■ **EXERCISE DIRECTIONS**
Copy every record exactly, and keep the pictures out.

#### DATA TO PROCESS ####

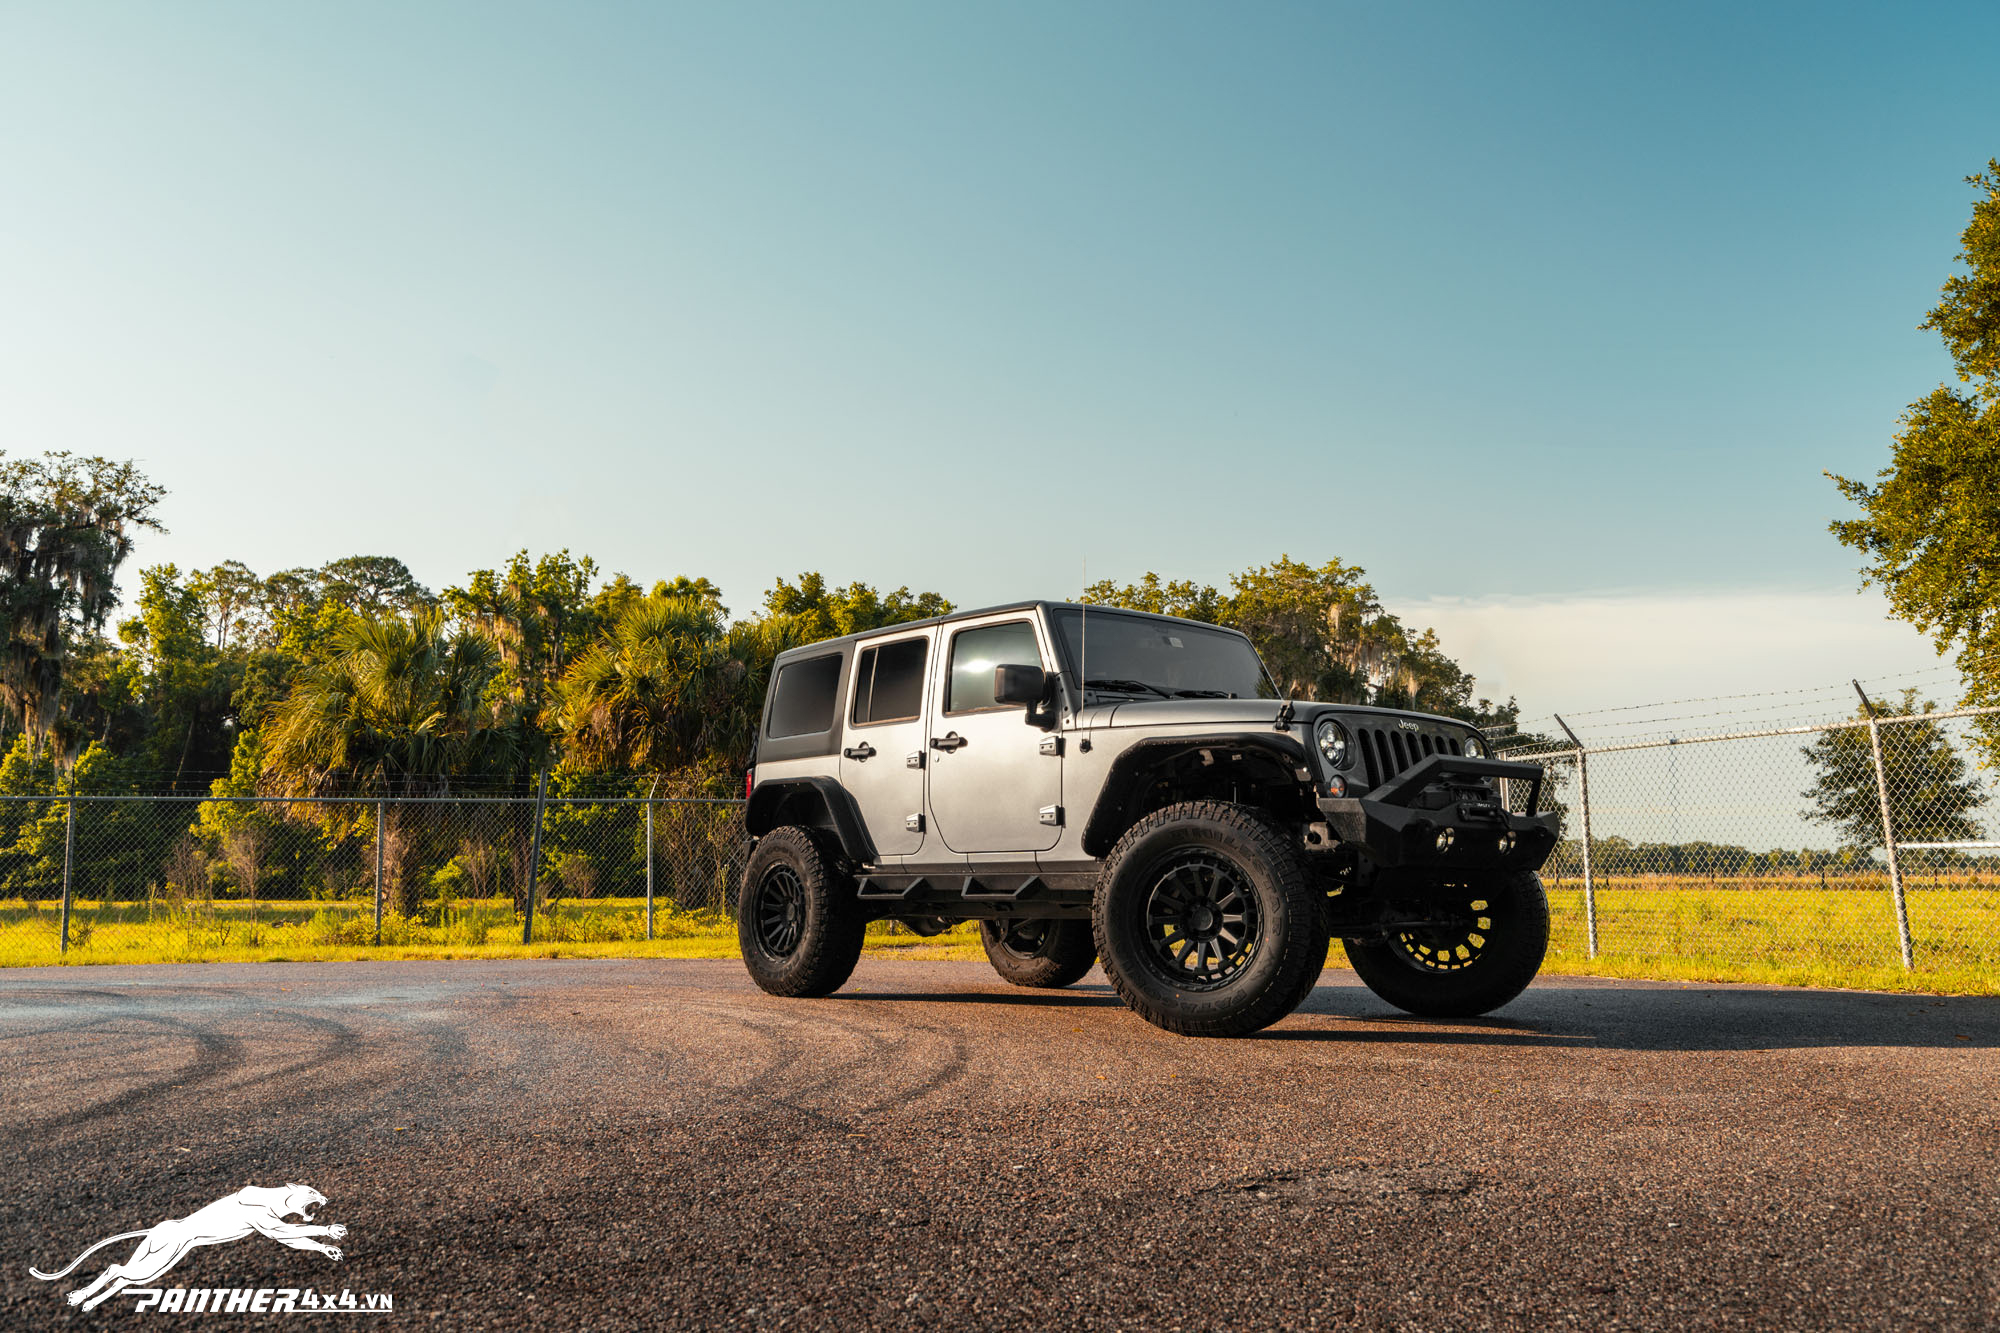 Mâm Black Rhino Raid 18 inch (màu Matte Black) cho jeep
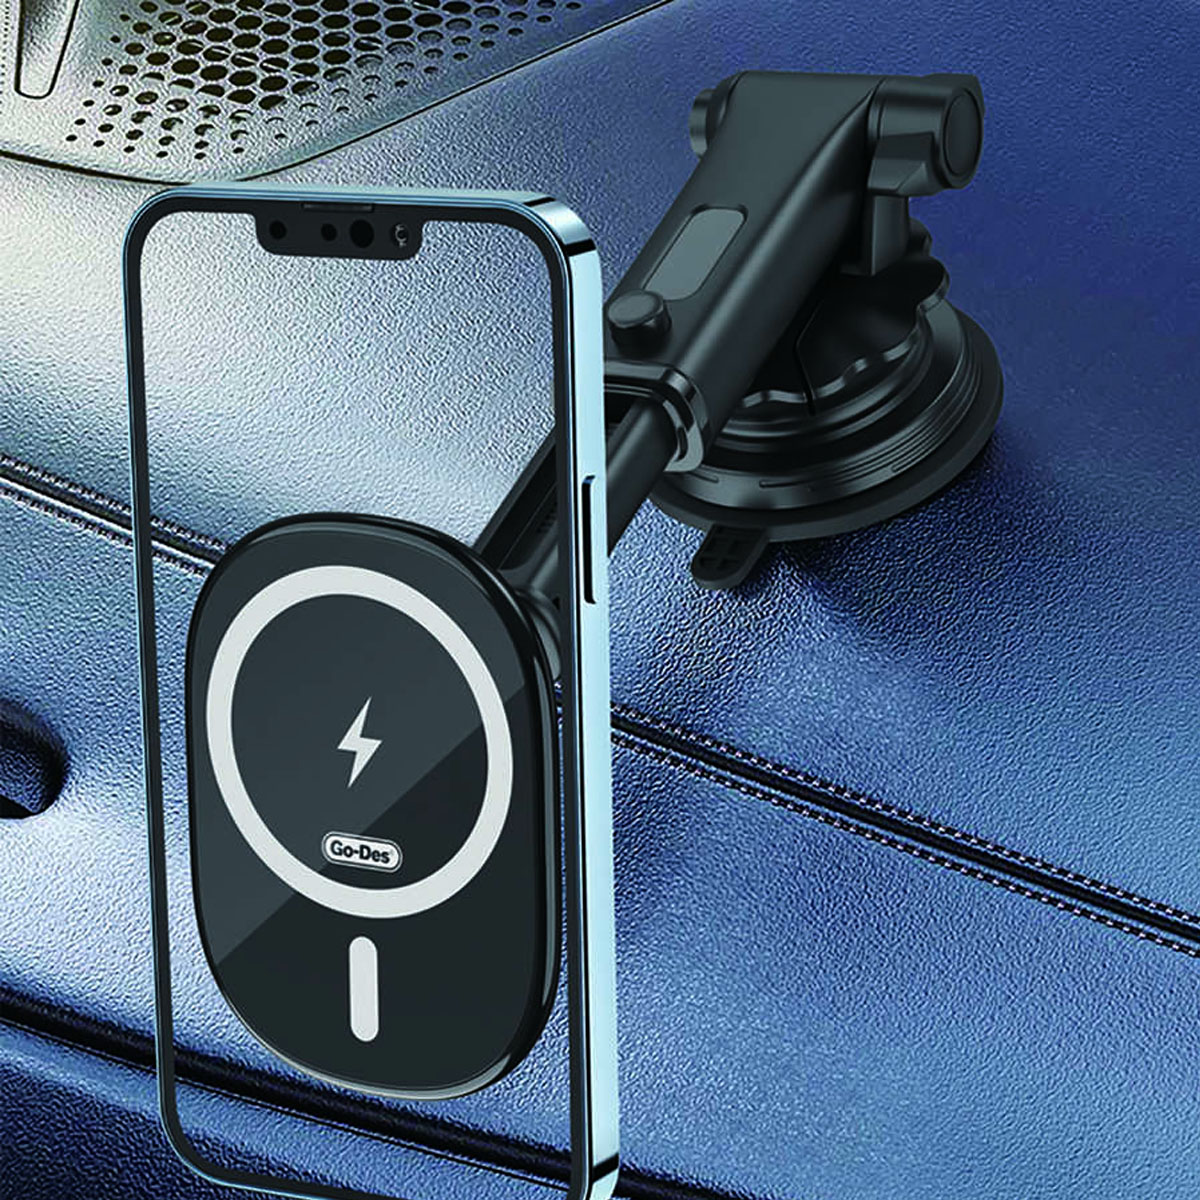 Автомобильный магнитный держатель GO-DES GD-WL398 для смартфона, на приборную панель, решетку воздуховода, 15W, беспроводная зарядка, цвет черный
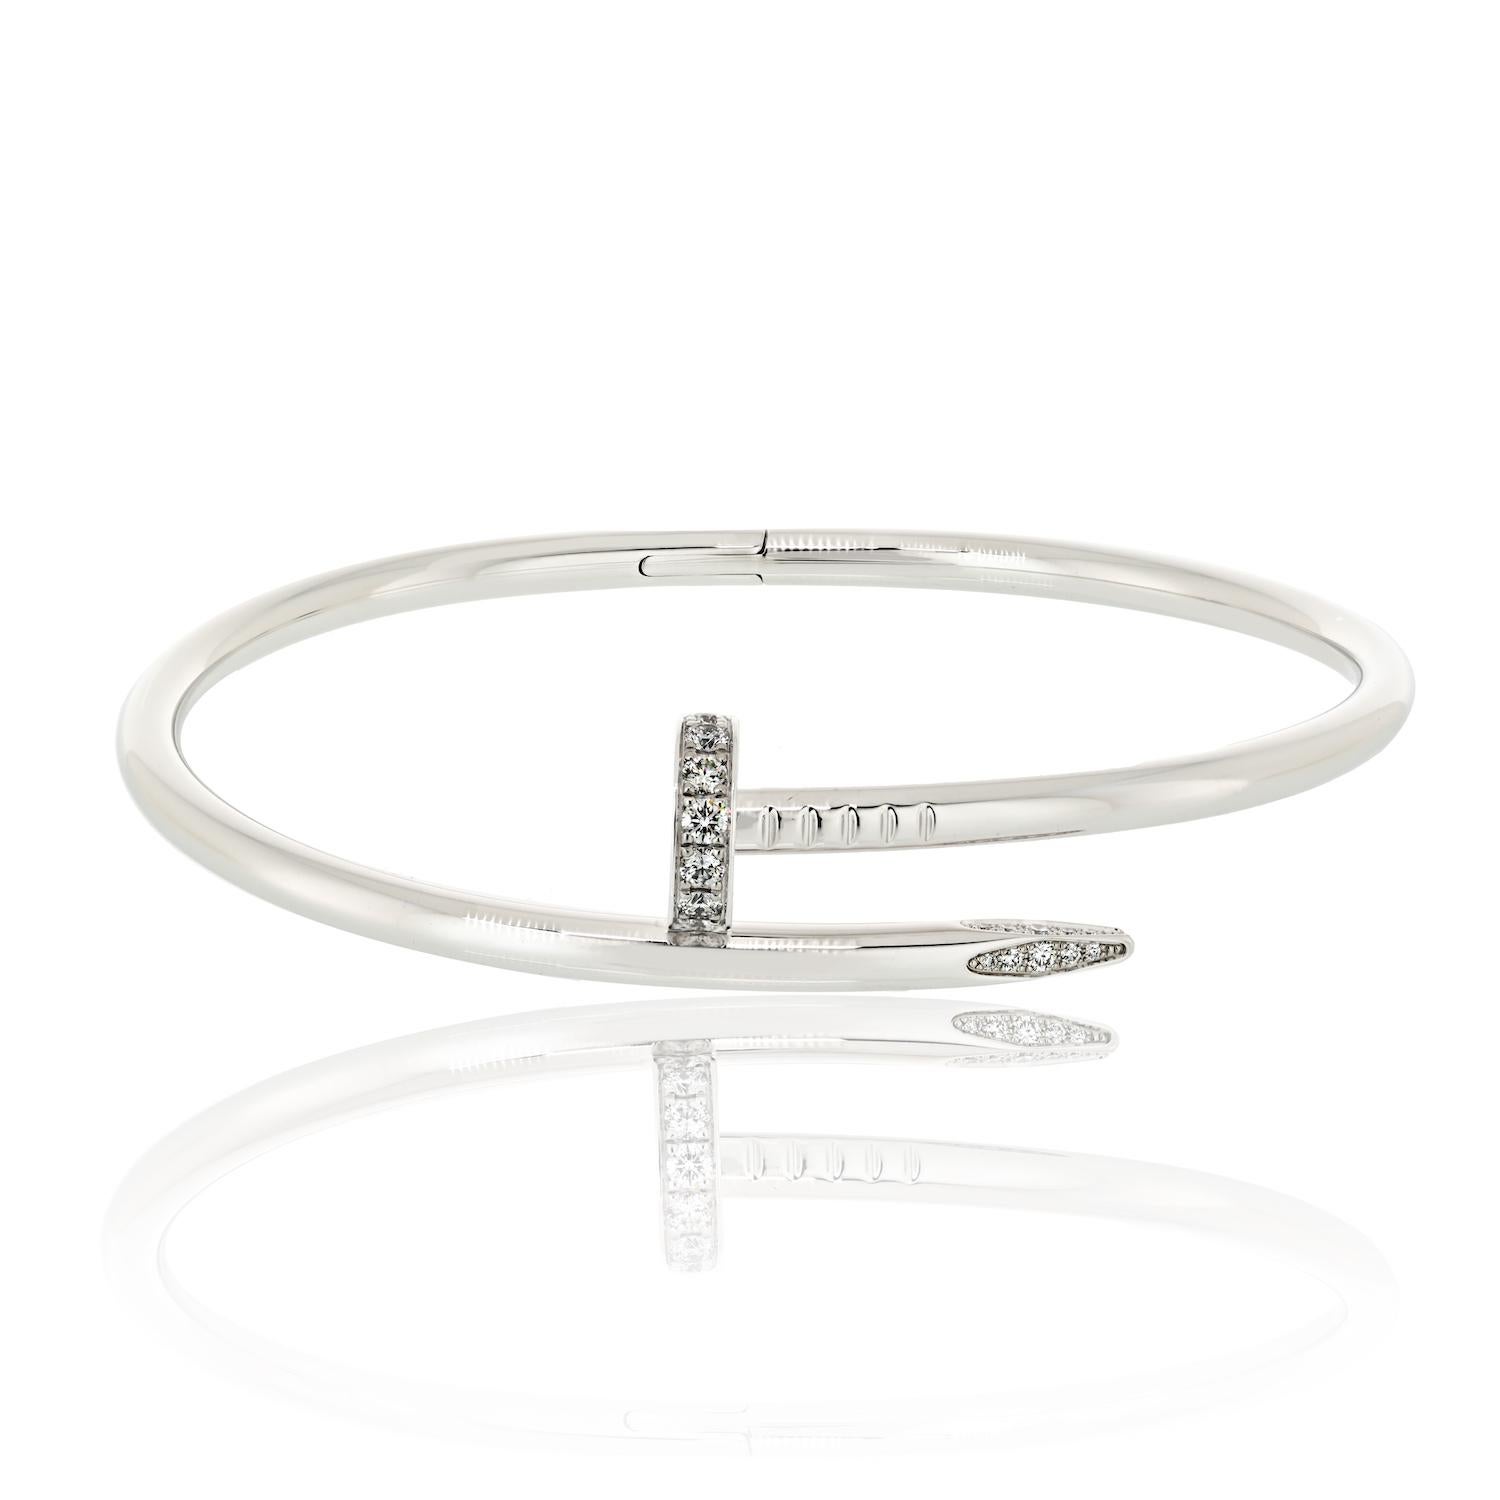 Le bracelet d'occasion Juste Un Clou en or blanc et diamants est un bijou magnifique qui est en excellent état. Ce bracelet est fabriqué en or de haute qualité et présente un motif de clou unique, rehaussé de diamants. Les diamants ajoutent une
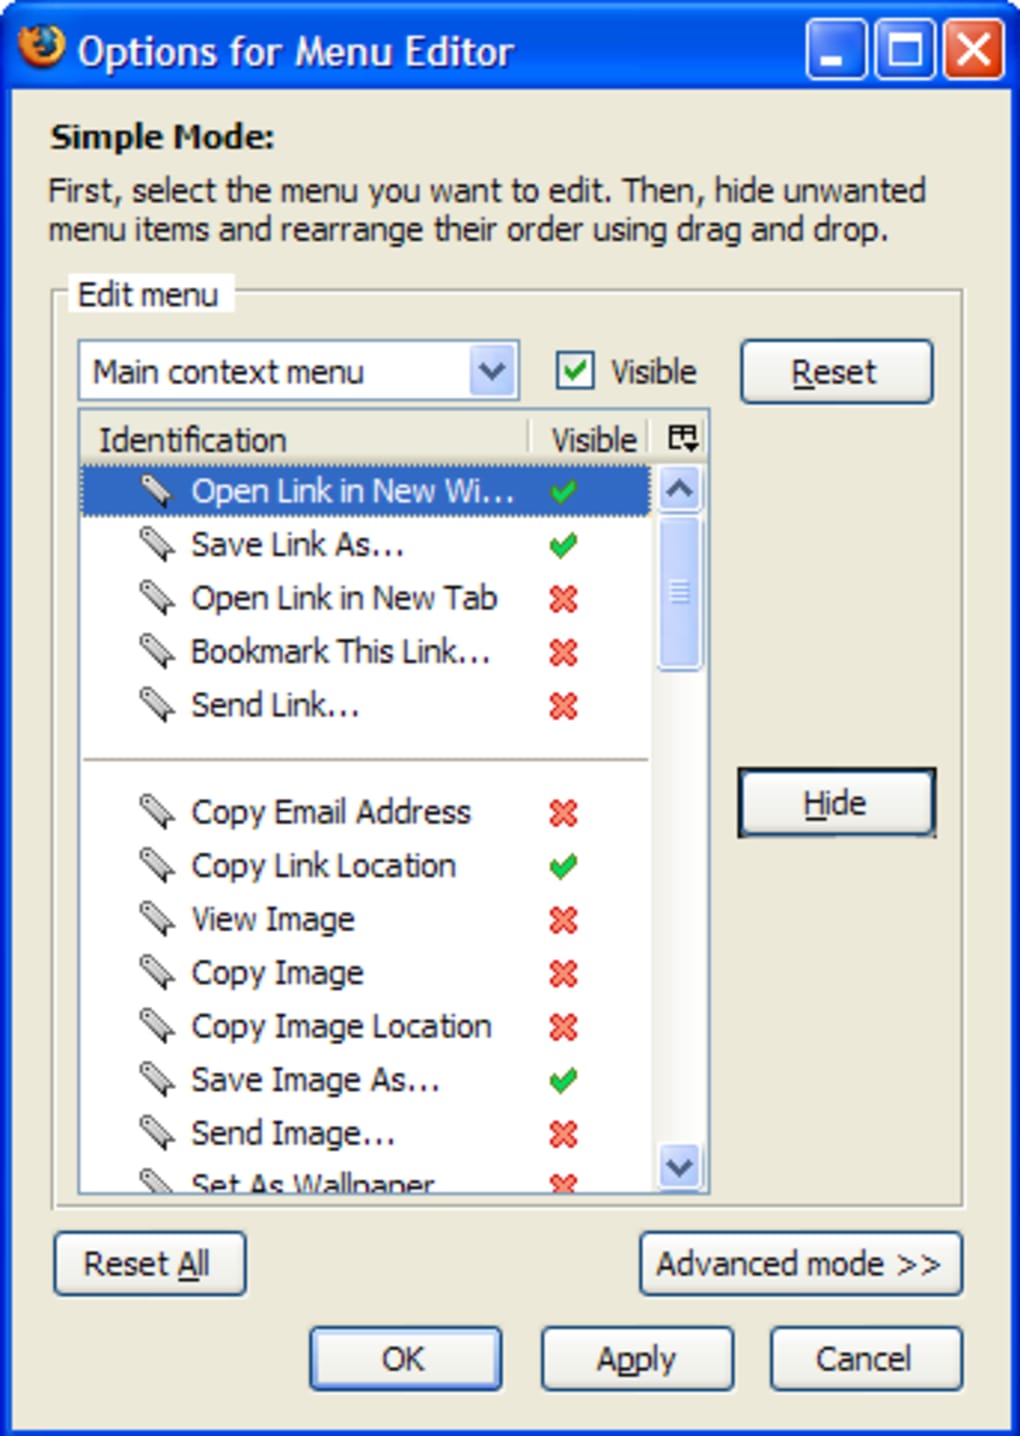 Context menu Editor. Simple Editor. MENUEDITOR 1.0.3.122. Simple edit
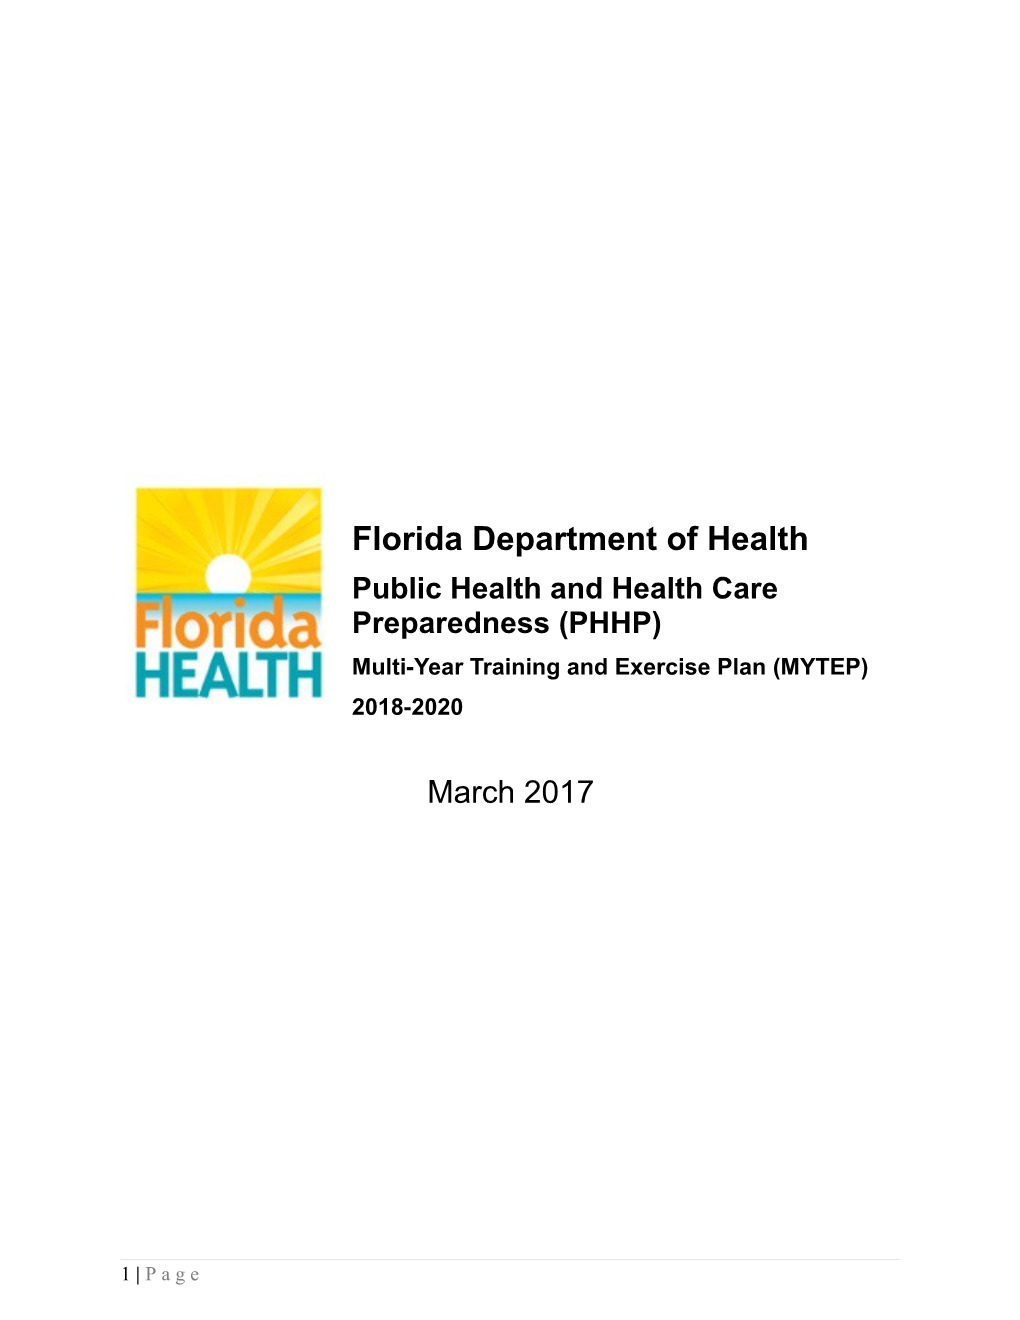 Public Health and Health Care Preparedness (PHHP)

####

■ **WRITTEN SOLUTION**
 Mâm Black Rhino Raid 18 inch (màu Matte Black) cho jeep
 Автомобильный магнитный держатель GO-DES GD-WL398 для смартфона, на приборную панель, решетку воздуховода, 15W, беспроводная зарядка, цвет черный
 Le bracelet d'occasion Juste Un Clou en or blanc et diamants est un bijou magnifique qui est en excellent état. Ce bracelet est fabriqué en or de haute qualité et présente un motif de clou unique, rehaussé de diamants. Les diamants ajoutent une
 Context menu Editor. Simple Editor. MENUEDITOR 1.0.3.122. Simple edit
 Public Health and Health Care Preparedness (PHHP)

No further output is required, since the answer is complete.